OK, so I’ve got my relay and it’s slightly different from the one above:

vw mx5 fog relay

The guy in the shop knows nothing about how they work and I can’t really figure out what is going on in the top right; it looks as though 56a and 56b are touching.

Does anyone understand how this relay works?

Gareth

 

Hi gareth

I’ve kept very quiet on this one as I really should be able to reel off the answer, however I haven’t worked with this sort of relay stuff since 1972, so I’m a bit rusty

I came across this in the archives

They have the following terminals:


#30 - 12v+ constant (30A)


#56 - 12v+ switched


#56a - output #1


#56b - output #2


#S - toggle ground (-)




This latching relay is meant to be a headlight dimmer relay to switch
between hi/lo beams. It is capable of carrying the current for two
standard sealed beam headlights (60W x2).




#30 is the primary connection and where the current to power the headlights is drawn from.



#56 is used as a “safety”. Unless #56 is connected to 12v+, current
will not flow to the outputs. This low amp draw usually comes from the
headlight switch.


#30 & #56 can be bridged together to simplify wiring. I’m not sure if the relay will work properly if #30 is not powered.




#S is momentarily grounded to switch between output

#1 & #2. While it is grounded, #30 is momentarily connected to
both outputs. This allows a “flash” of lights when the headlights are
off.



The selection of output #1 or #2 is mechanical. The output selected
will remain until changed. Even if power to both #30 and #56 is lost.

Hope it helps

Thanks Geoff, I really appreciate any help! Looking at the diagram, do you think that when the relay is being used, there is only either power at 56a or 56b - or is there some form of power at both for each state?

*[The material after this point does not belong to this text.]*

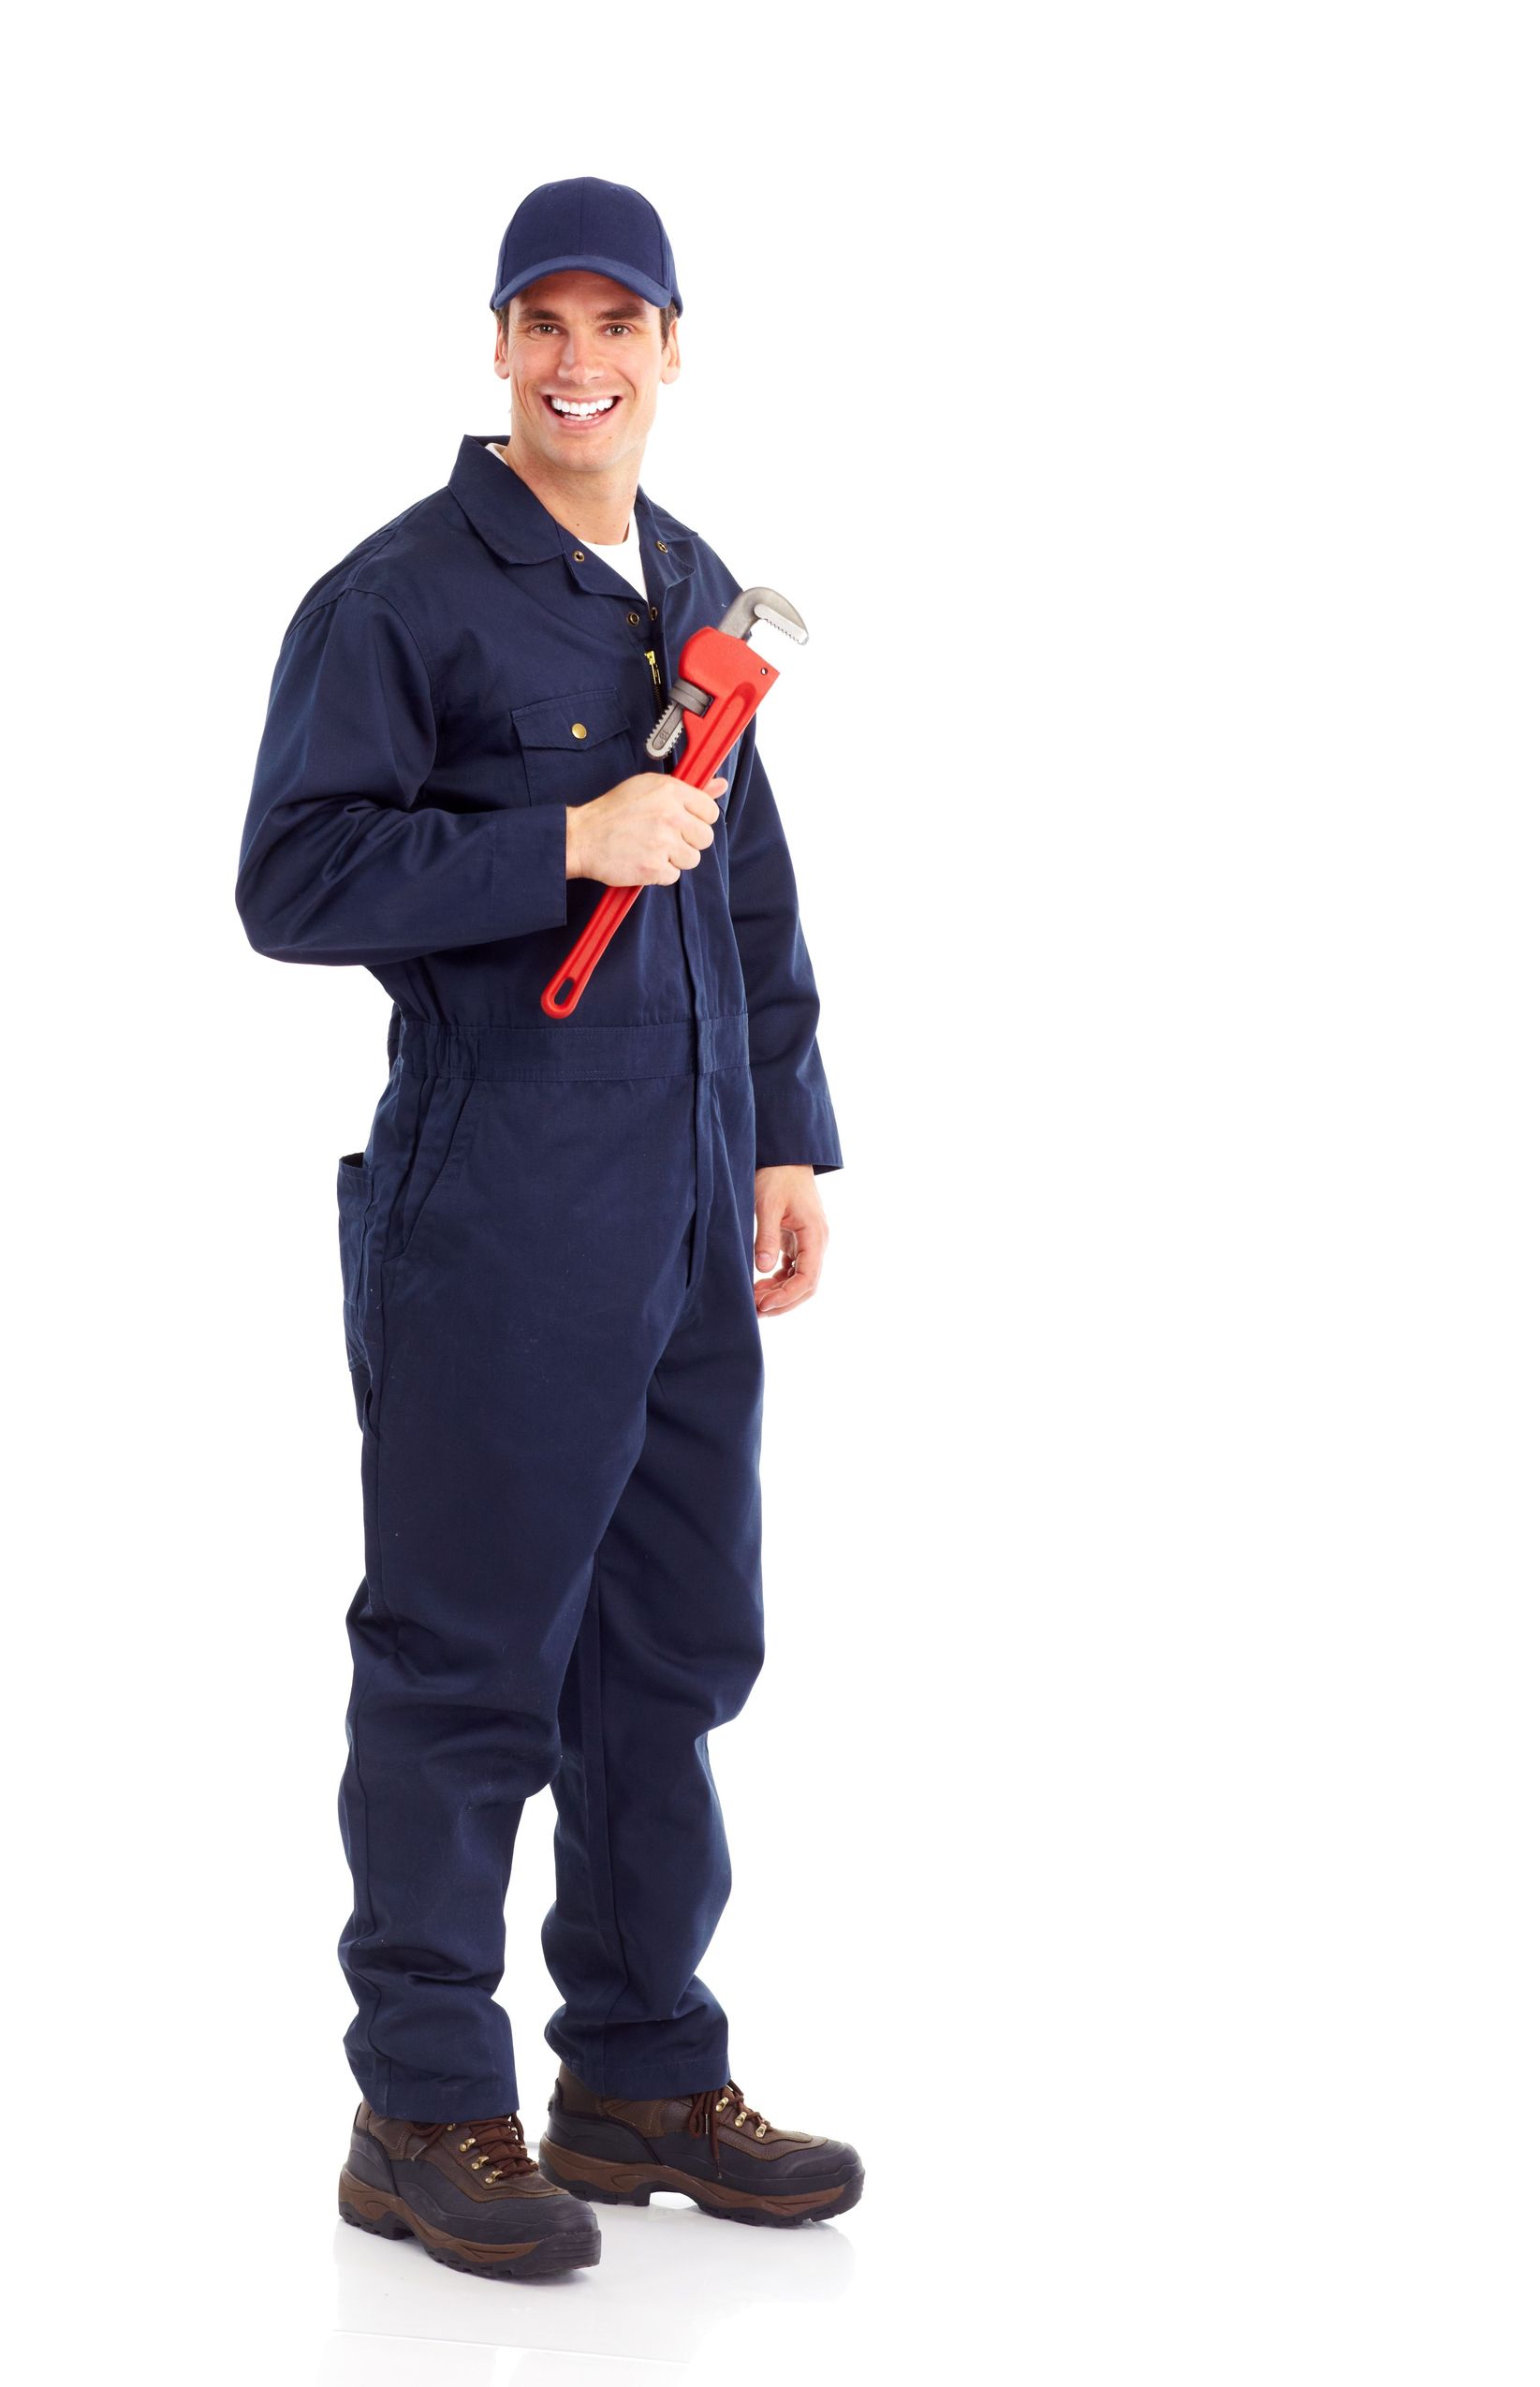 Important Questions to Ask Before Hiring a Company for Plumbing Repairs
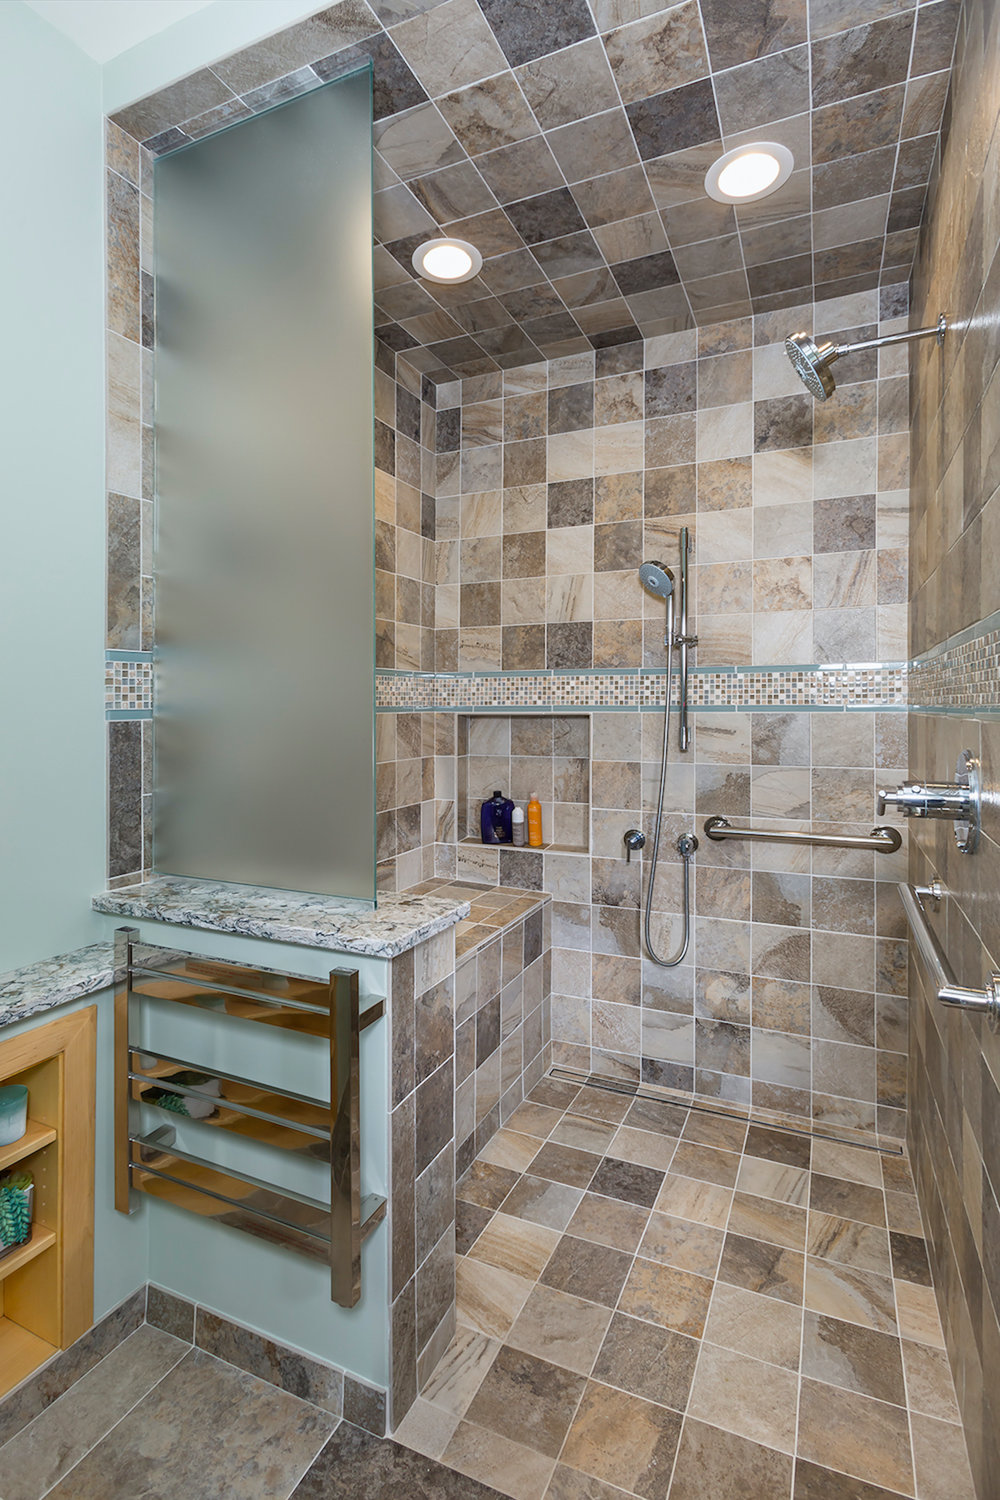 This bathroom by Sylvestre Remodeling & Design features a shower without a curb as it aids in mobility. Dangerous throw rugs have been removed.

I’m more than confused by the way the terminals in the top right look to be connected together…

Thanks,

Gareth

 Hi garath

The relay you have looks nothing like the one i have been told to buy from my auto spark friend???

I’m not up to speed on the adding a picture to show you,but i’m sure someone will let me know soon "please"in easy english???

Many thanks

Wayne

One Stop Mx-5 Roadsters

Manchester

 Just a thought,but is it worth getting hold of the relays from off a Mk 2.5 sports???

Wayne

Manchester

Register an account with an online picture library (I use PhotoBucket.com). Upload your picture and click on ‘share’ (in PhotoBucket) and copy the text from ‘Direct link for layout pages’. Then when posting your message in these forums, click the little picture of the tree and paste the text you copied into the 'Image URL' field.

Gareth

If you can find out which one it is, this would be another solution, possibly better! I spoke with Mazda on the phone and the guy didn’t sound like he knew for sure which one it was. He said there were a bunch of relays in that area - heated rear window, heated seats, etc, and they were all the same. Without seeing the wiring diagrams, I wouldn’t want to take the gamble!

Maybe give your local Mazda dealer a ring and see if you can fare any better. Roadster Robbie told me it was called the “Rear fog light control unit”.

Gareth

 Hi Gareth

Me and an engineer friend  of mine(paul) took this bloody switch apart today to find out the difference inside between the two sides??? a small piece of paper clip type wire which acts like a spring come lock on the press on and then press off side and thats it, my friend has taken it home with him to make this little bit of metal so both sides will become press on and then press off,we tested all the wires for continuity tests so as soon as he brings it back(this weekend) I will have a go at wiring it in???.

Oh by the way i phoned two mazda franchises to name and shame mazda stockport and mazda warrington has much use as a fart in a astronaut suite,my faith in dealers still remains at an all time low.

I’ll let you know how i get on>

Wayne

One Stop Mx-5 Roadsters

Manchster

  

 Wayne,

I have a 2003 electrical sheet detailing the fog light switch/relay connections if you want a copy? - see here http://www.mediafire.com/?wdzonmt4za2

Eric

 Hi Eric

Thank you very much, that will help.

Wayne

One Stop Mx-5 Roadsters

Manchester

UK

Hi Eric - could you PM me those diagrams also? This would be an awesome help!

 

Edit: sorry, just saw the link in your post :slight_smile:

Thanks,

Gareth

 Downloaded and printed out - these are fantastic - and in colour too! These are awesome, Eric. Thanks.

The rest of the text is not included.